Сеит-Ахмед, который уже намеревался закончить долгую речь, неожиданно рассердился:
— Я не нуждаюсь ни в чьих одобрениях, а более всего от тех, кто не выполняет своих обязательств. Мне сказали, что дорога, по которой мы должны двигаться, завалена деревьями, а ты до сей поры её не расчистил.
Белёвский начал испуганно оправдываться:
— Кто же знал, что намедни такой буревал задует и деревья вверх тормашками поставит? У меня люди от зари до зари работают, а всё одно с недельку покопаются.
Сеит-Ахмед не на шутку огневался, его губы затряслись, речь сделалась неприличной:
— Таким мешает всё: солнце, луна, вода, ветер... Ты только и думаешь о том, как оправдать свою лень... От зари до зари, говоришь?
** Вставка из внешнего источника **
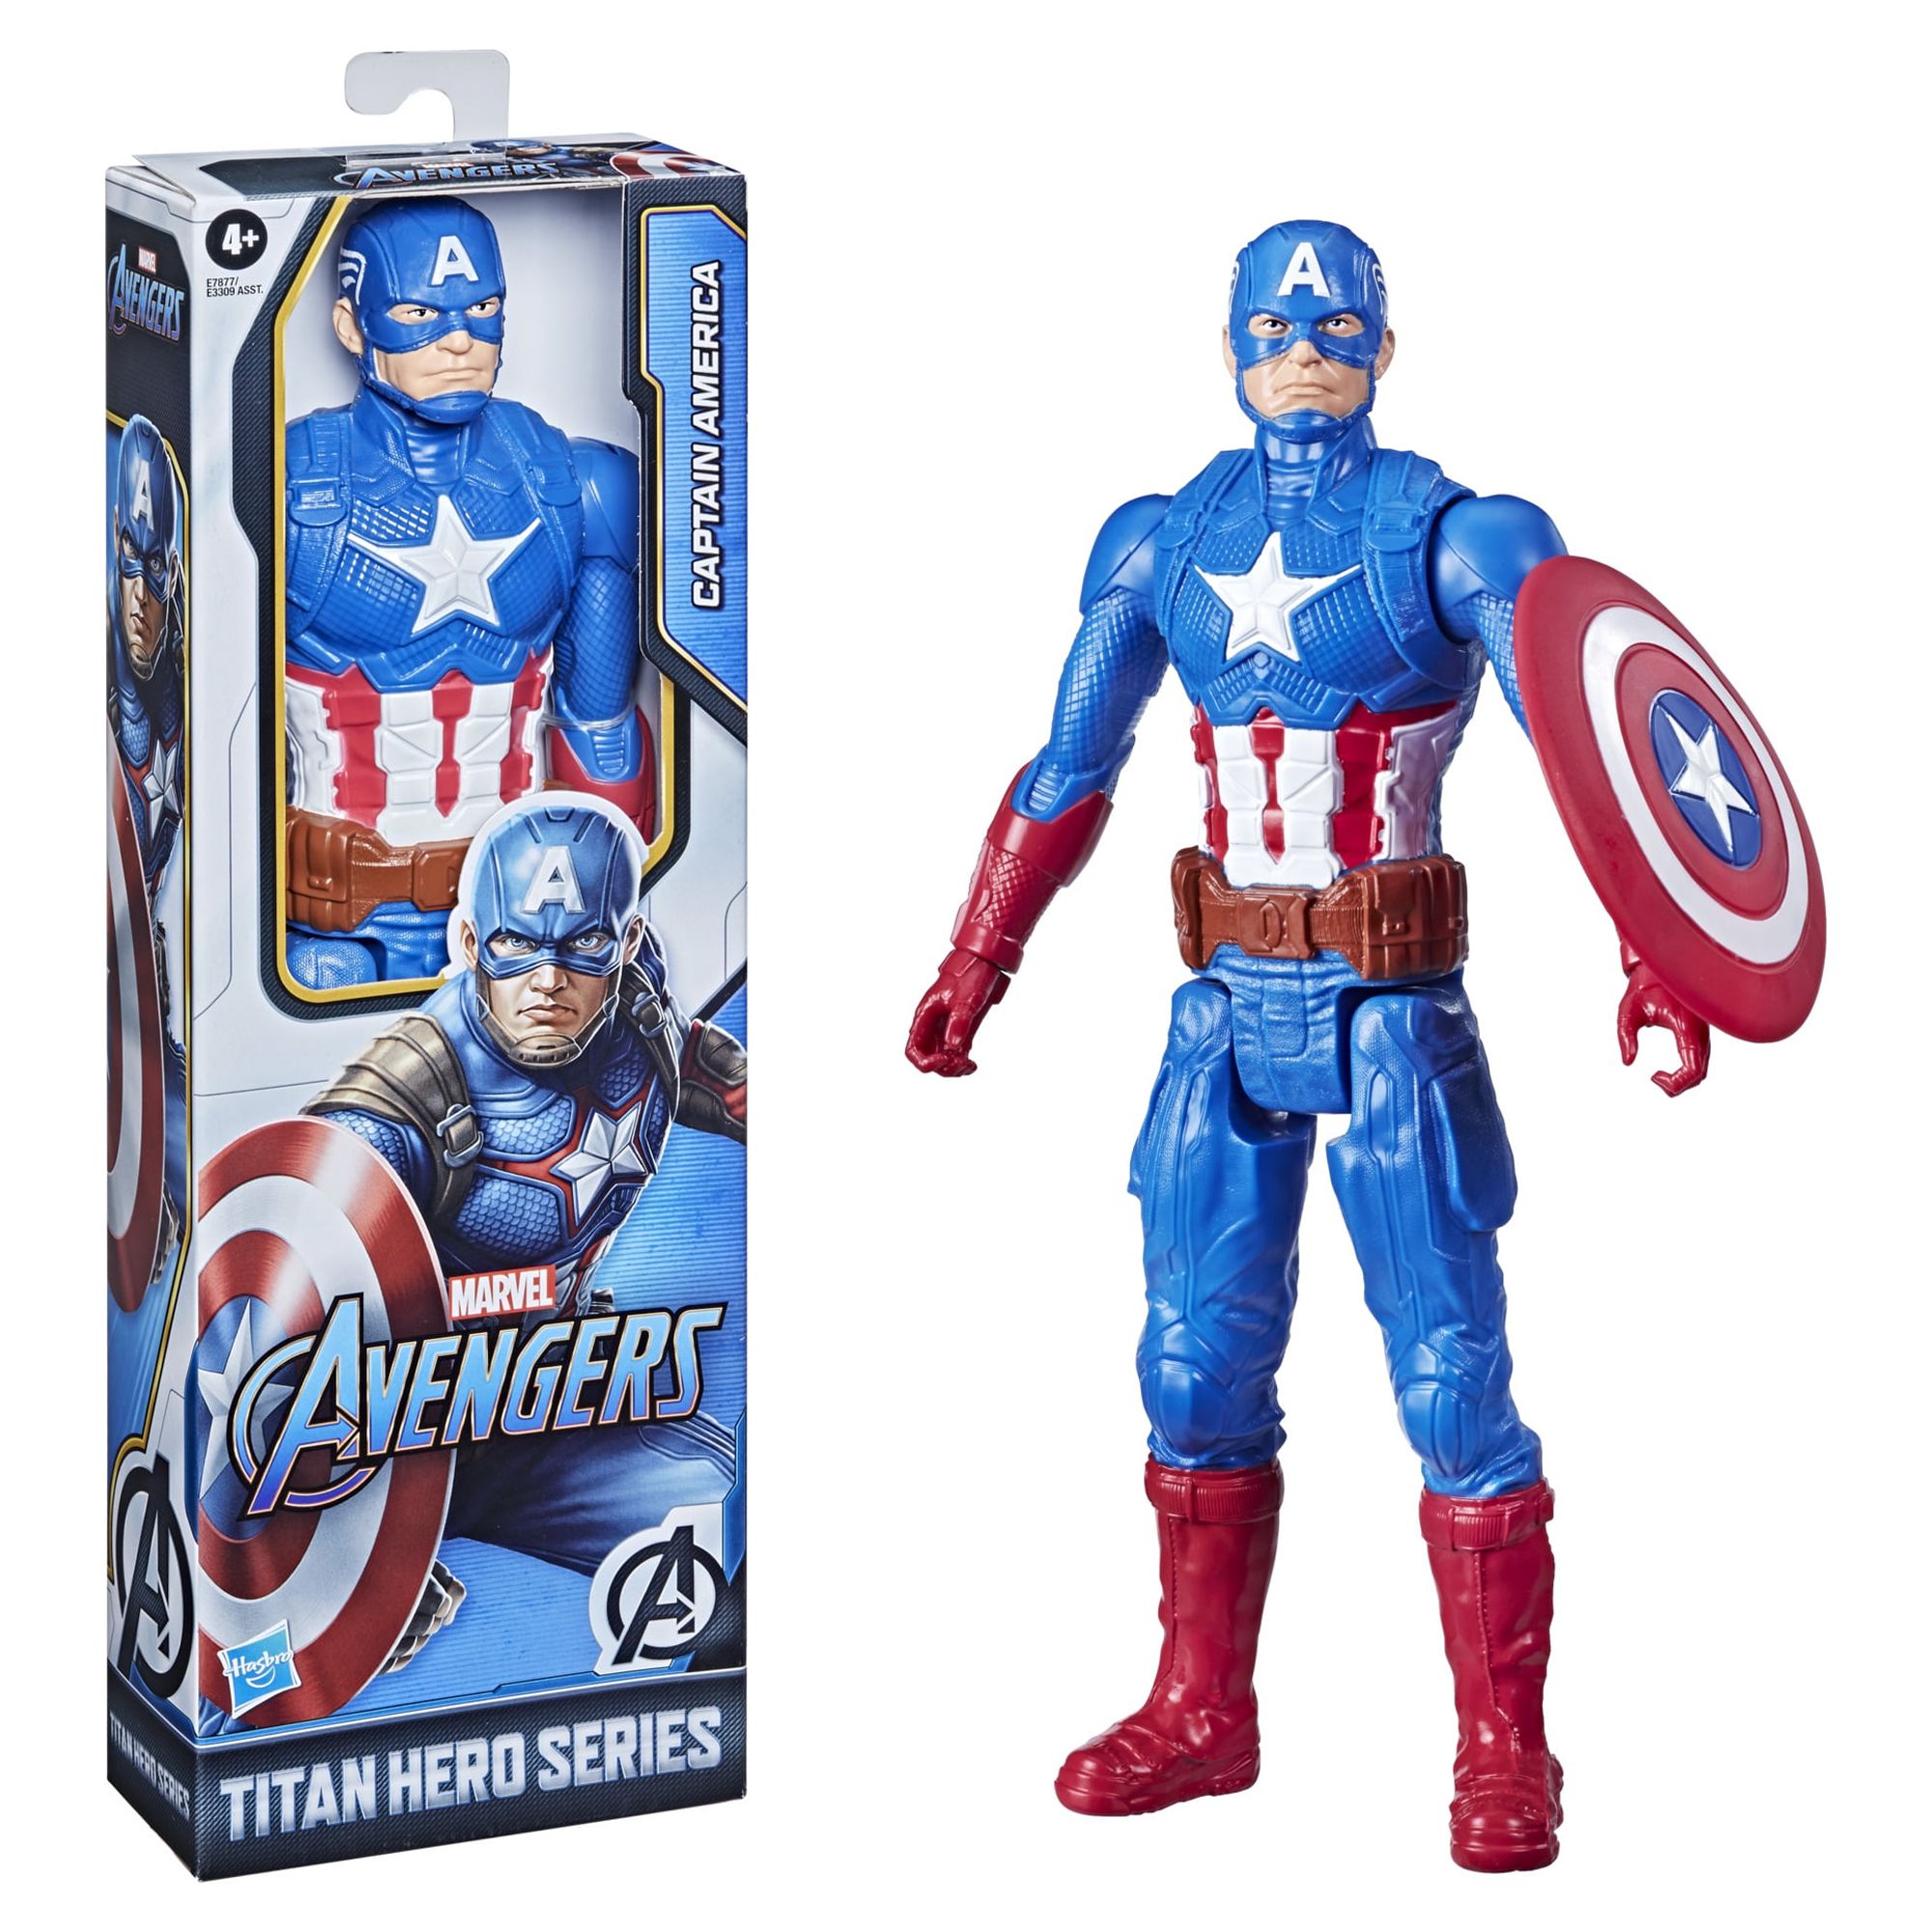 Marvel: Avengers Titan Hero Series Captain America Kids Toy Action Figure for Boys and Girls Ages 4 5 6 7 8 and Up (12”) - image 1 of 8

Пусть работают ночью...
Белёвский пытался вставить какое-то слово, но на него зашикали: было замечено, что любое возражение царевичу как сушняк для угасающего костра. Лучше уж набраться терпения и подождать, когда костёр прогорит сам.
— Неделю! Понимаешь ли ты, что сказал? — продолжал злиться Сеит-Ахмед. — Через неделю мы уже должны сидеть на окских перелазах... Можно ли обойти завалы? Ну что же ты молчишь, когда спрашивают?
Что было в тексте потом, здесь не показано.